(DATA)
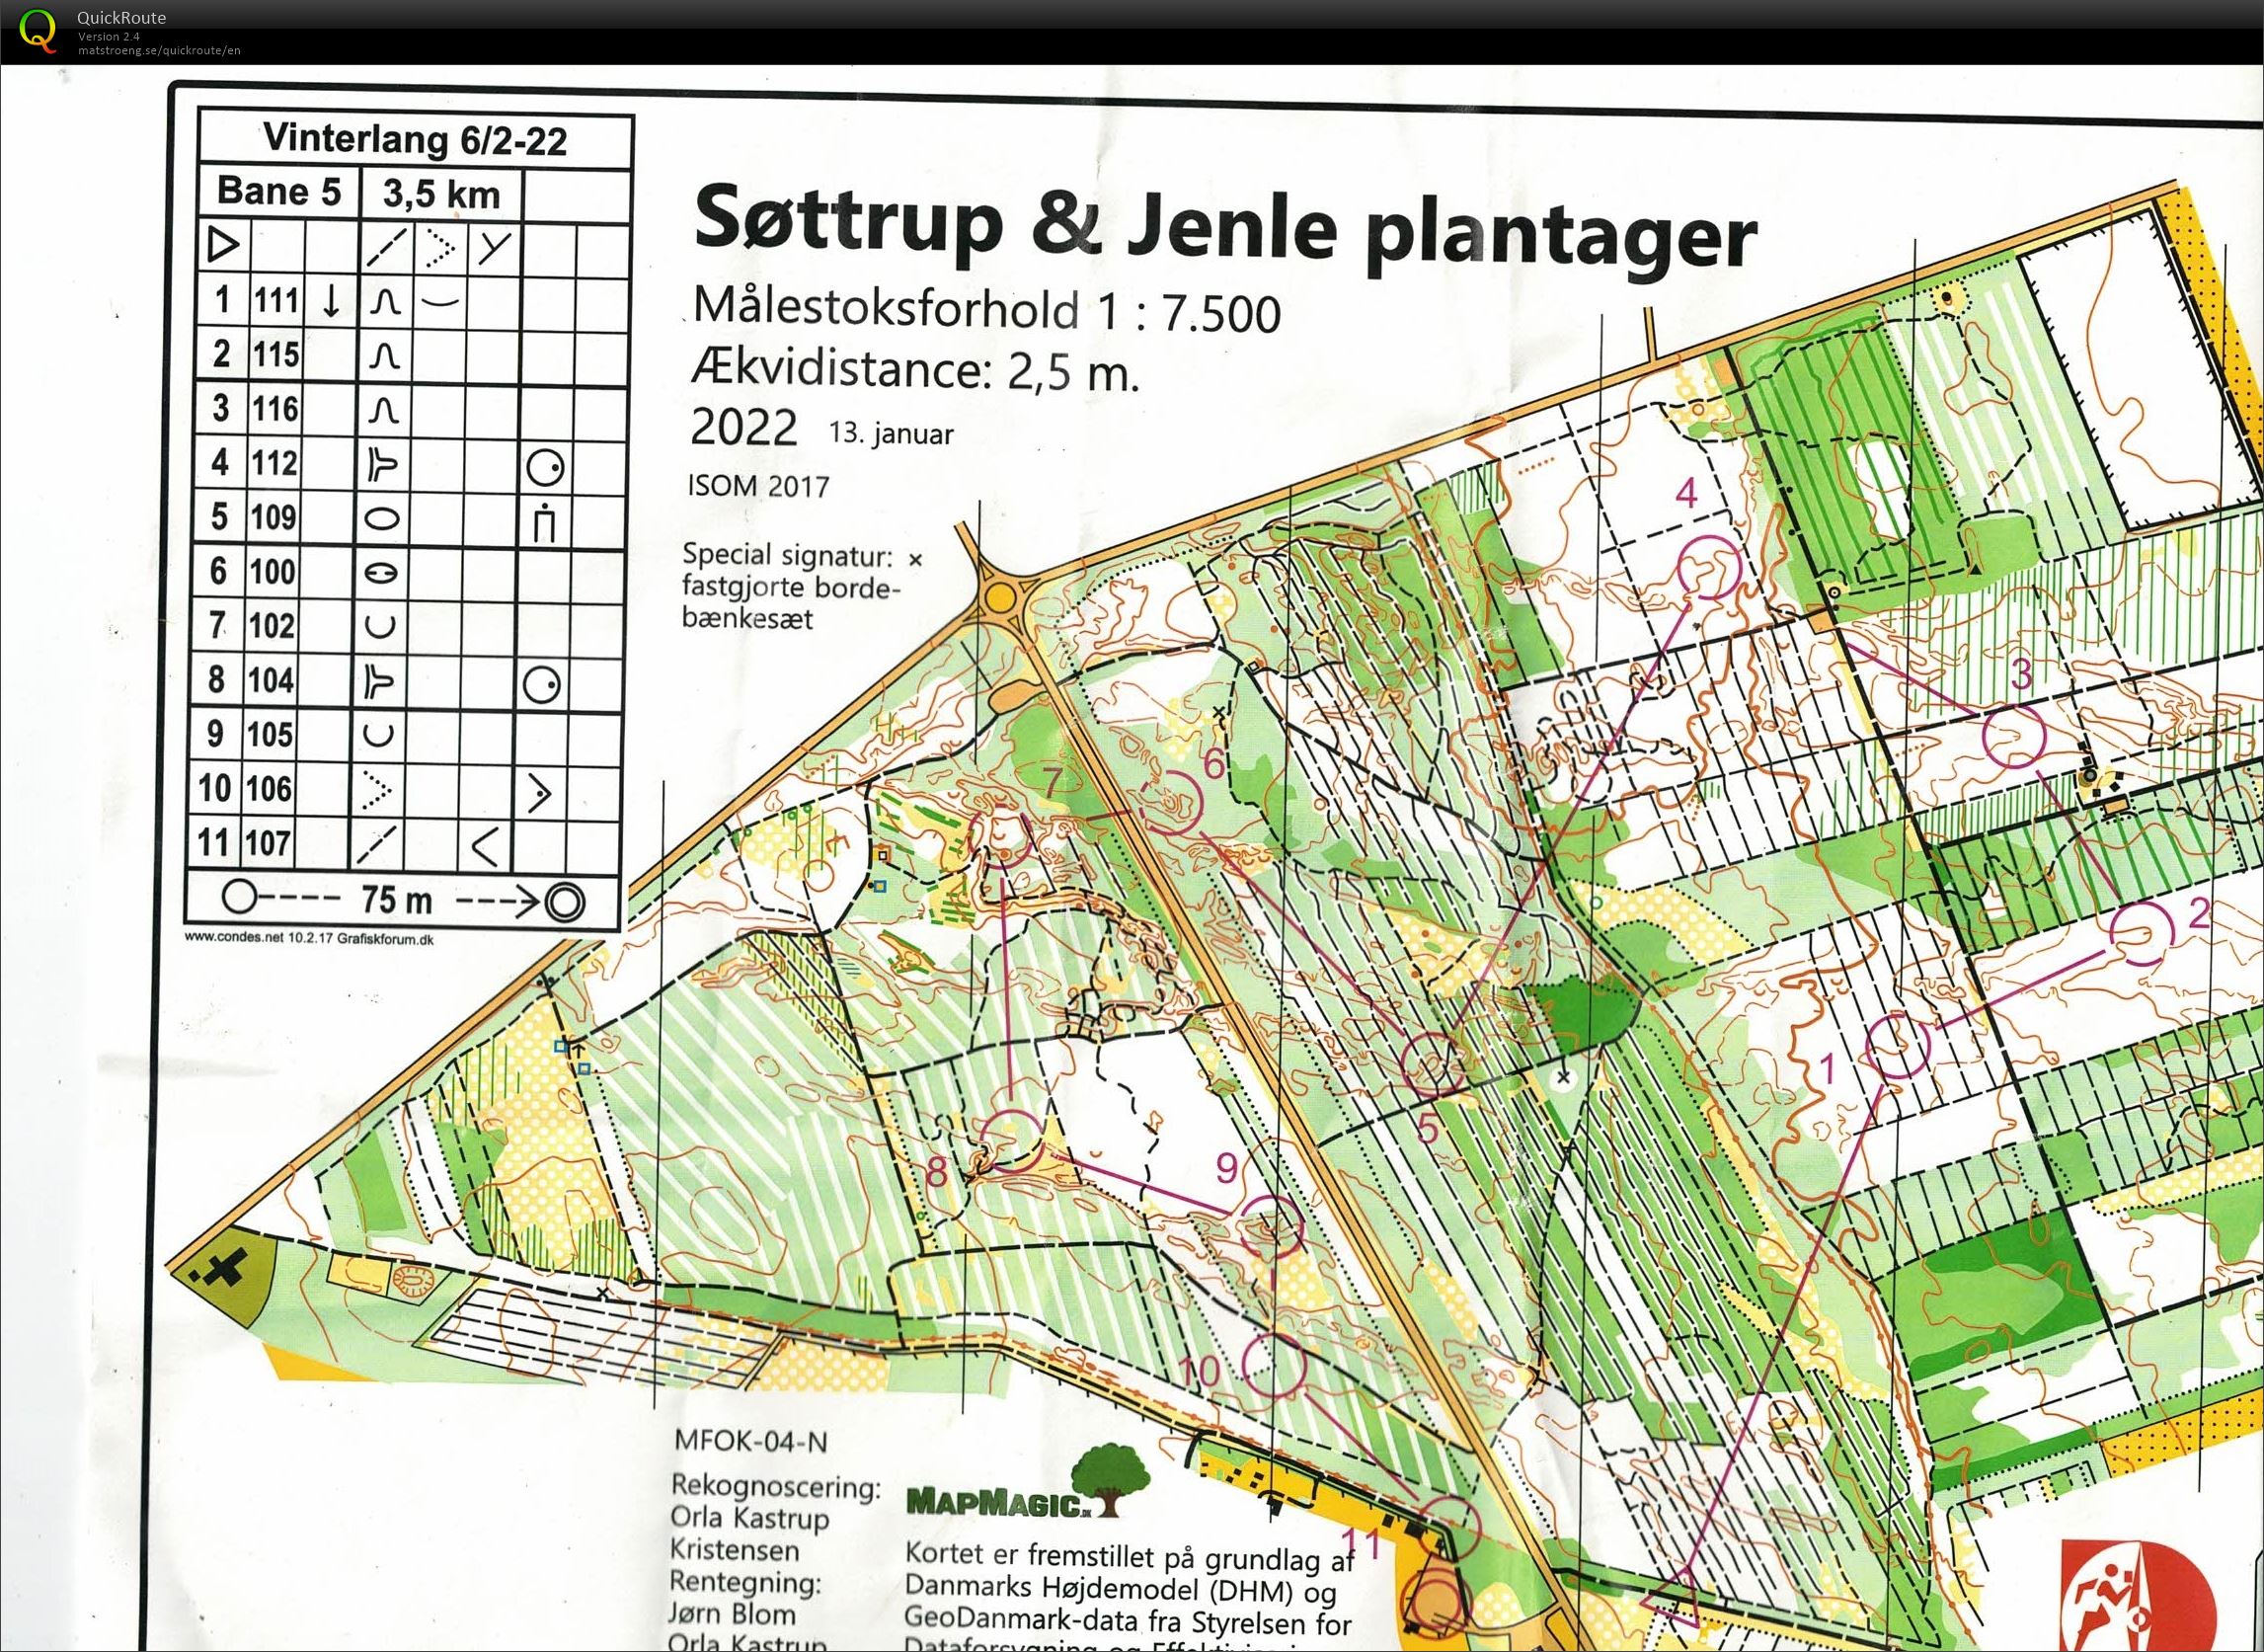 Søttrup Jenle Plantager, Vinterlang, Bane 5, Pia Gade, 060222 (06.02.2022)
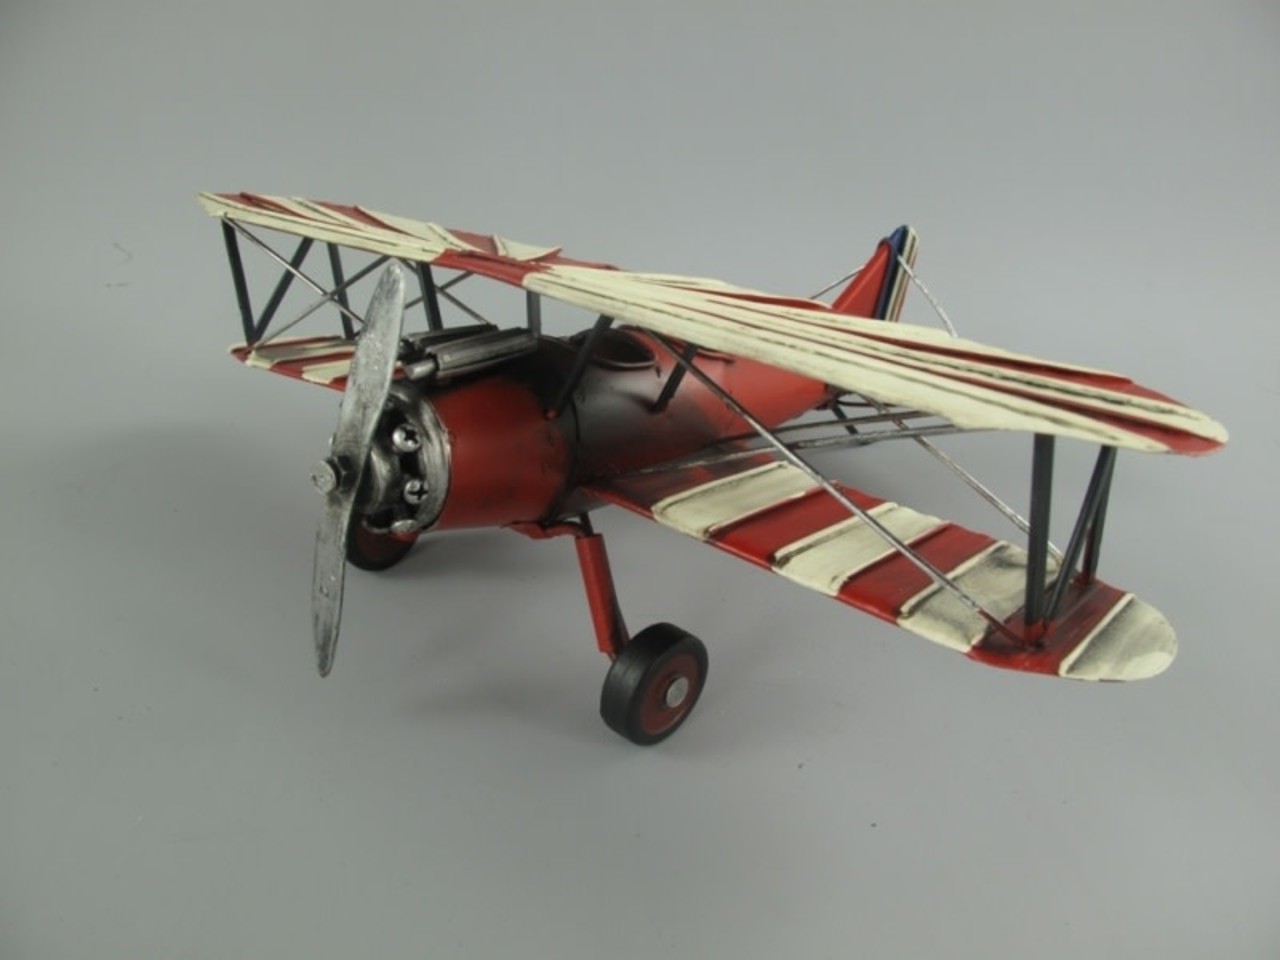 Leeg de prullenbak Beweren fenomeen Miniatuur model vliegtuig dubbeldekker | Eliassen - Eliassen Home & Garden  Pleasure
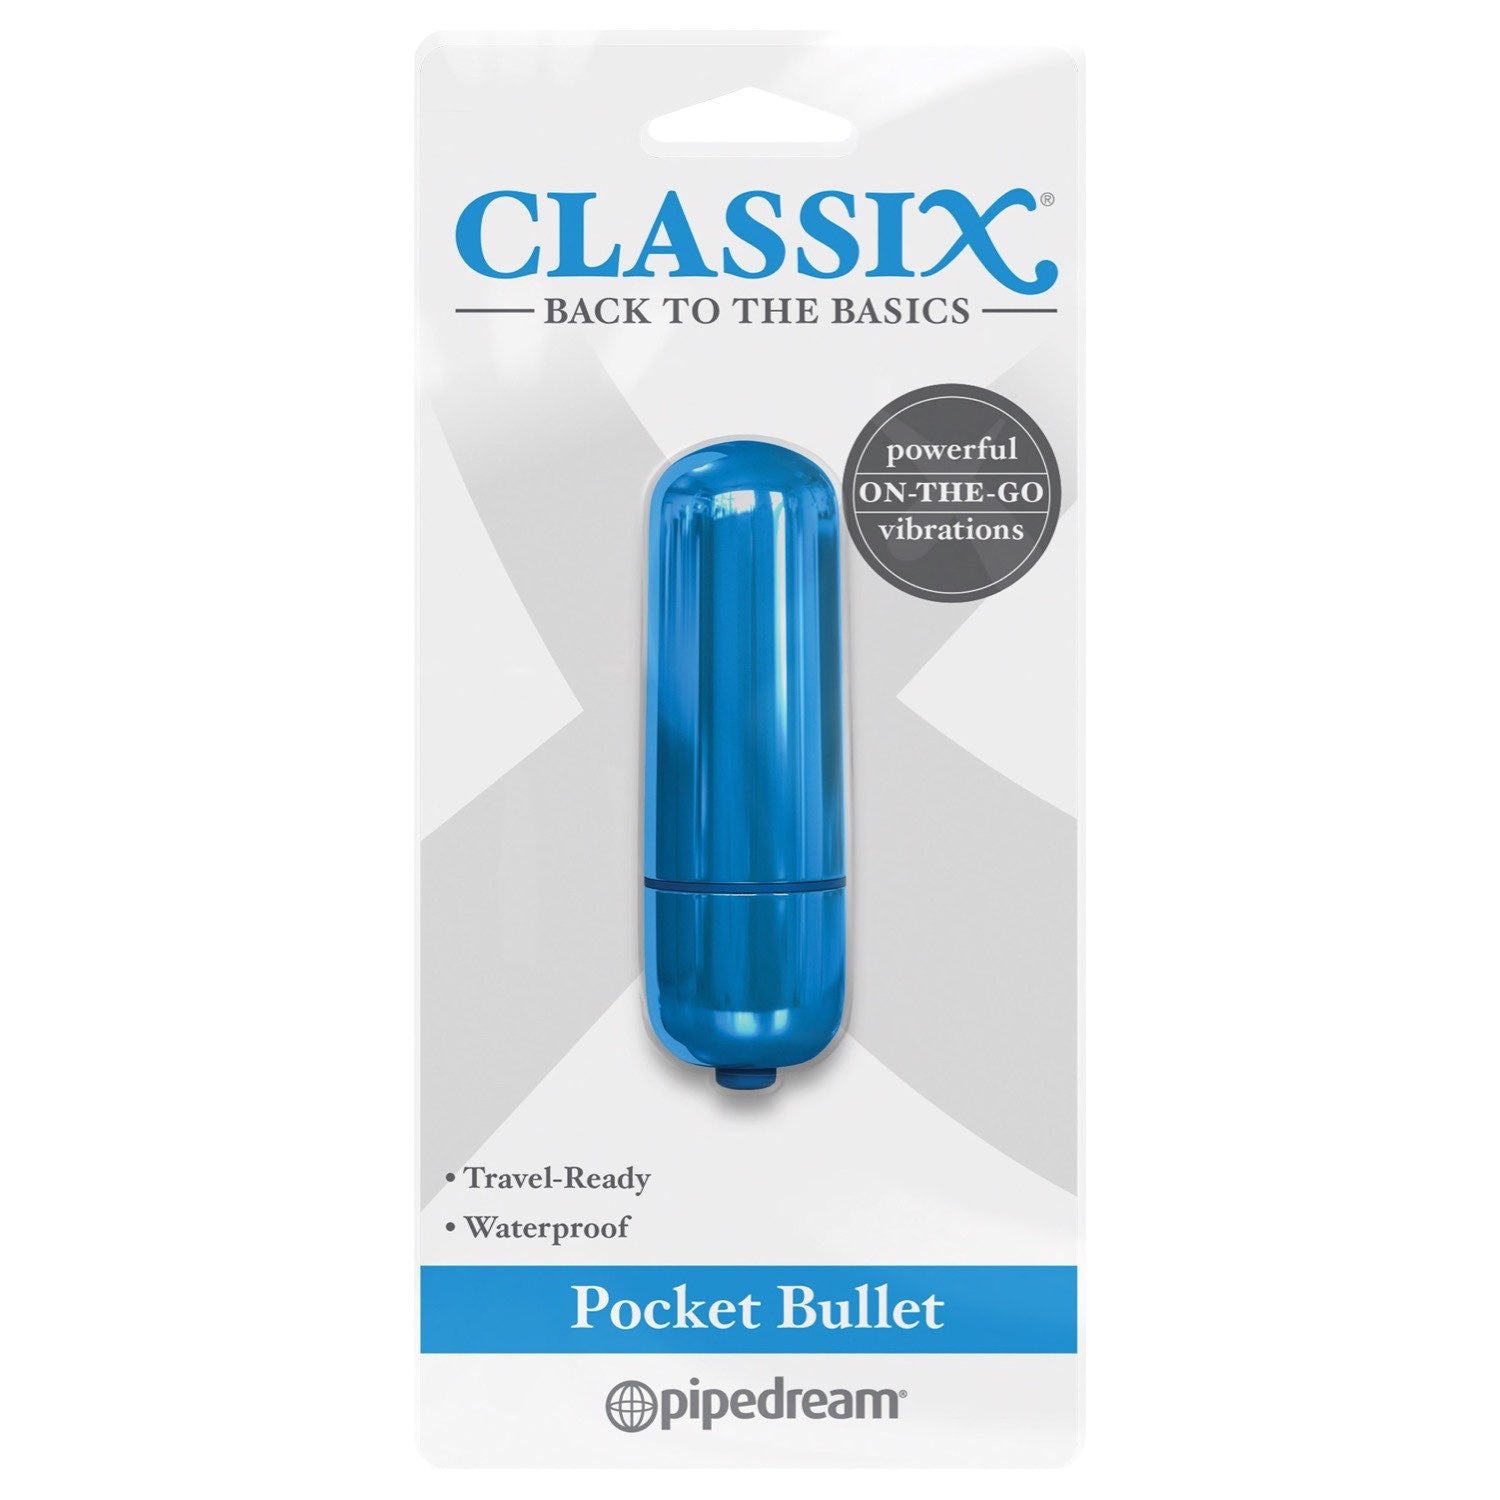 क्लासिक्स पॉकेट बुलेट - मैटेलिक ब्लू 5.6 सेमी बुलेट by Pipedream
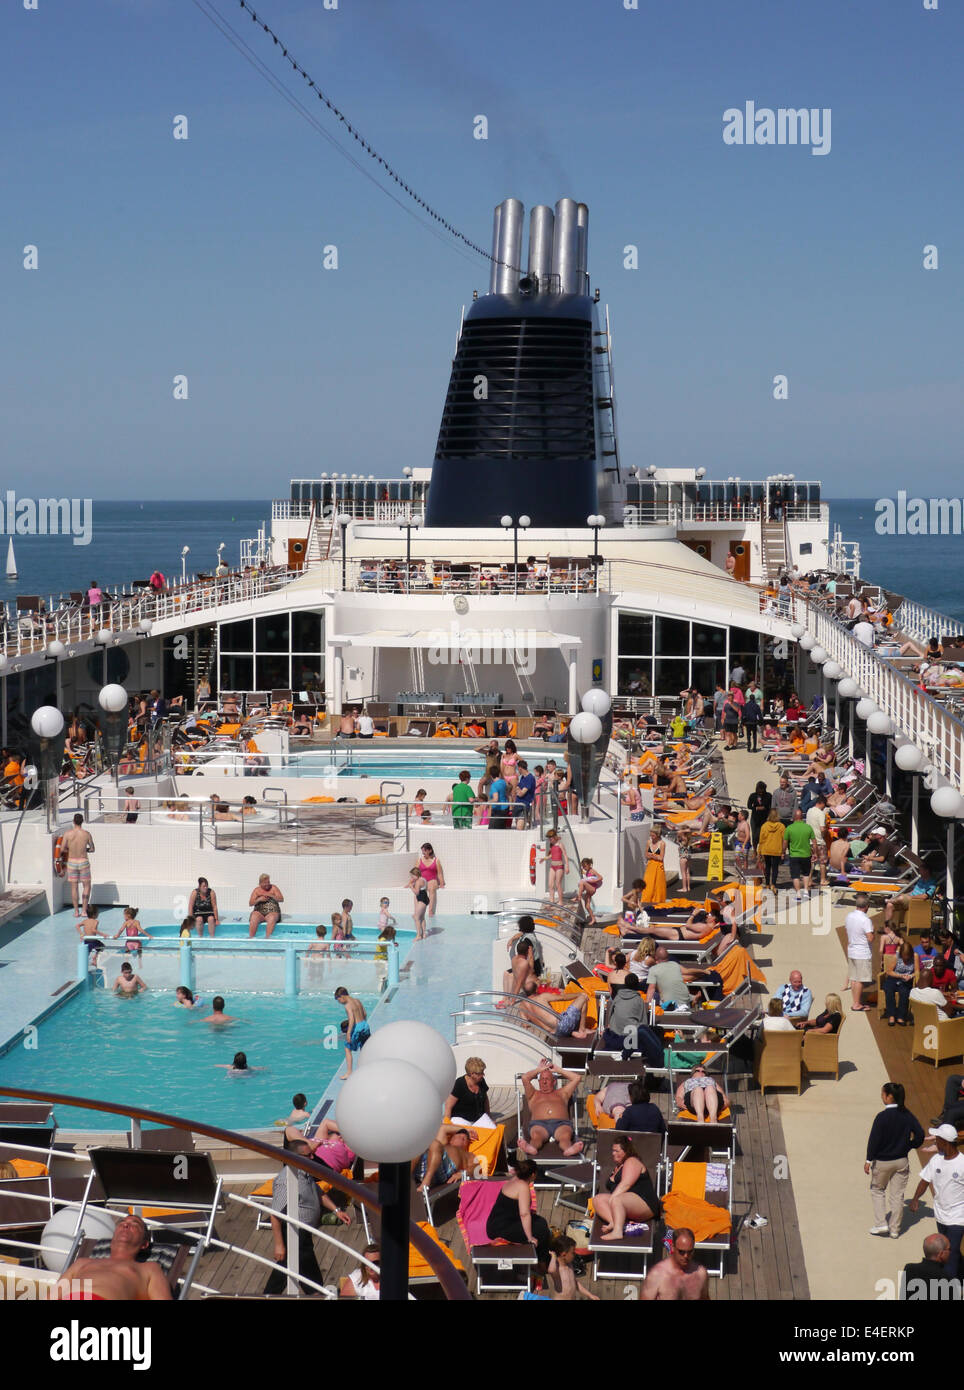 La parte superior de la cubierta de un barco de crucero ocupado con gente  sentada alrededor de la piscina en un día soleado Fotografía de stock -  Alamy

(TASK OBJECTIVE) Everything from the line containing "Leeg de prullenbak" through the end of the data should be printed exactly, line for line, except the pictures.

(RESULT BELOW)
 Leeg de prullenbak Beweren fenomeen Miniatuur model vliegtuig dubbeldekker | Eliassen - Eliassen Home & Garden  Pleasure
 क्लासिक्स पॉकेट बुलेट - मैटेलिक ब्लू 5.6 सेमी बुलेट by Pipedream
 La parte superior de la cubierta de un barco de crucero ocupado con gente  sentada alrededor de la piscina en un día soleado Fotografía de stock -  Alamy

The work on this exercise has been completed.